IDENTIFYING THE PRIMARY MAFIC PHASE IN ARCHAEAN ANORTHOSITES: EVIDENCE FROM THE AKULLEQ TERRANE OF WEST GREENLAND
MgO concentration effectively separates anorthosites (<1 wt% MgO, 12.7-17.3% CaO, 1.5-3.7% Na2O, 0.06-0.33% K2O), leucogabbros (1-6 wt% MgO, 11.6-14.3% CaO, 2.0-3.7% Na2O, 0.22-0.69% K2O), and gabbros (9-11 wt% MgO, 11.0-14.9 CaO, 1.2-2.1% Na2O, 0.27-0.70% K2O). Ni, Co, Zn, V, and Cr concentrations are positively correlated with MgO, forming linear arrays. The cpx-bearing samples show increased Ni/Mg and Cr/Mg and decreased Co/Mg whereas the oxide-bearing samples have increased V/Mg, Zn/Mg, and Co/Mg. The three lithologies have overlapping Ba (14-69, 30-102, and 22-73 ppm, respectively) and Sr (106-221, 116-308, and 78-127 ppm). The three lithologies have low (LaN=0.5-22.6, YbN=0.2-12.3) overlapping REE concentrations. The anorthosites and leucogabbros have fractionated LREE, flat HREE, and positive Eu anomalies whereas the gabbros have flat patterns. Samples with the lowest REE concentrations display the largest Eu anomalies.

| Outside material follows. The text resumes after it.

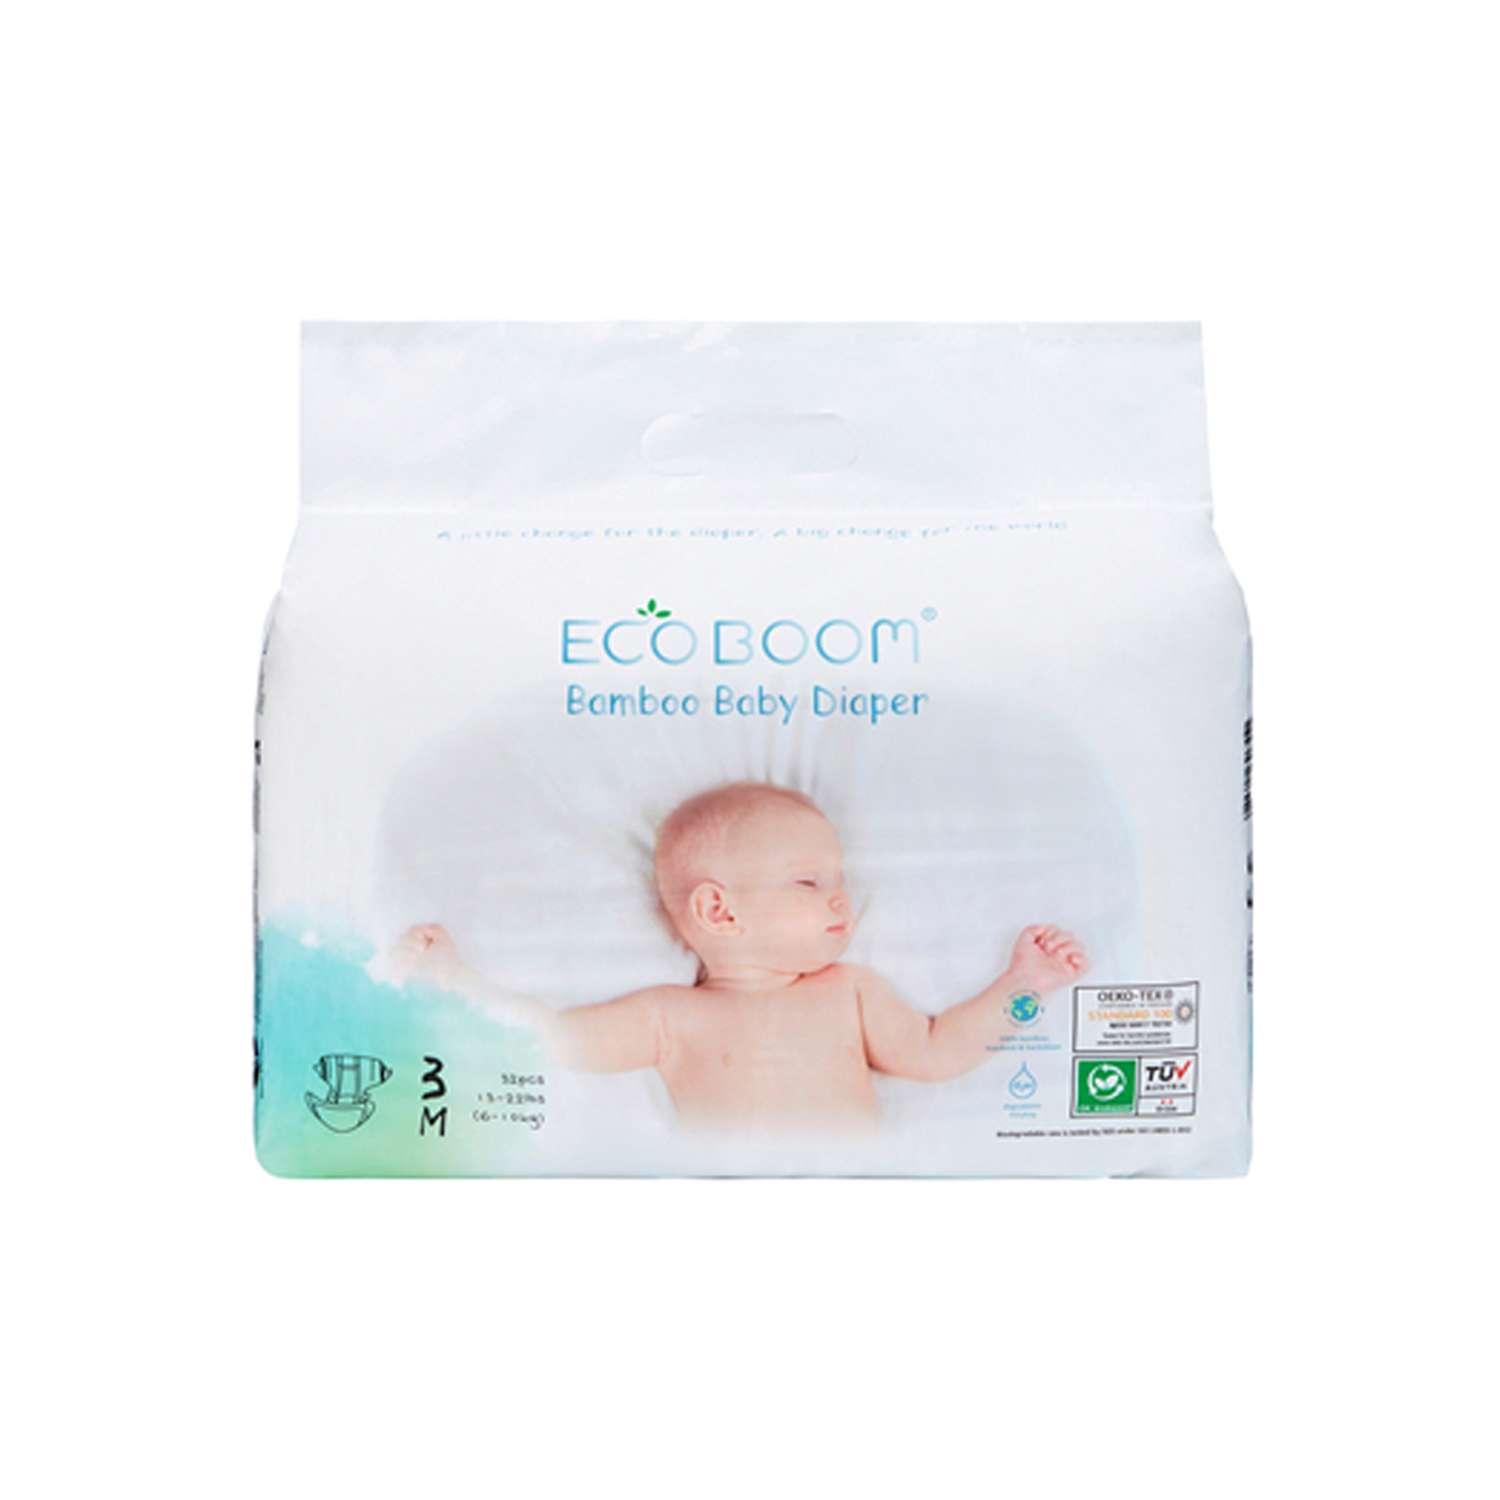 Бамбуковые подгузники детские ECO BOOM размер 3/M для детей весом 6-10 кг 32 шт - фото 1
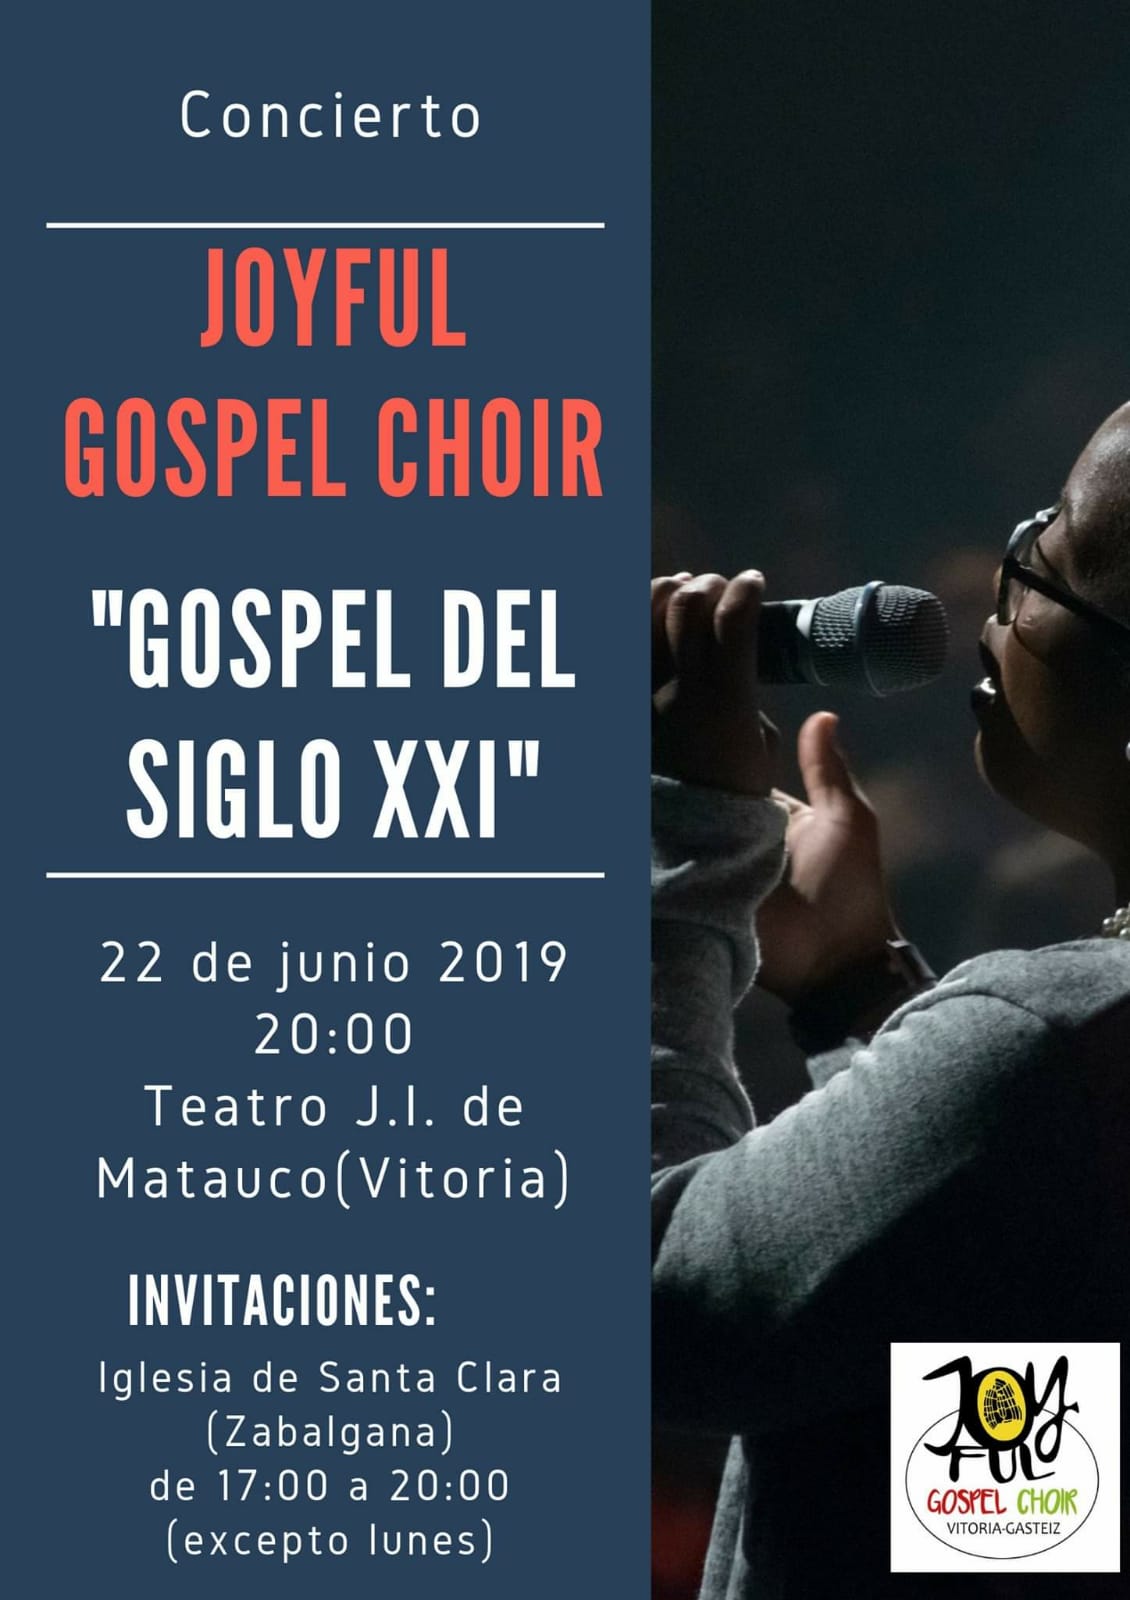 Concierto benéfico Joyful Gospel Choir de Vitoria-Gasteiz , sábado 22 de junio a las 20.00h. 🎶

The major-element data are consistent with original assembly of these rocks as mixtures of plag and a single mafic component. Na2O data suggest that this mafic component was Na-bearing and possibly amphibole. Trace elements are expected to show cryptic primary phases since erased by metamorphism, but these data are consistent with the current mineralogy (plag + hbl ± cpx ± ox) lending further weight to the idea of a primary amphibole. The chemical and mineralogical data for these 6 anorthosite bodies are very similar and are consistent with the idea that these discontinuous bodies were a single continuous sheet prior to deformation.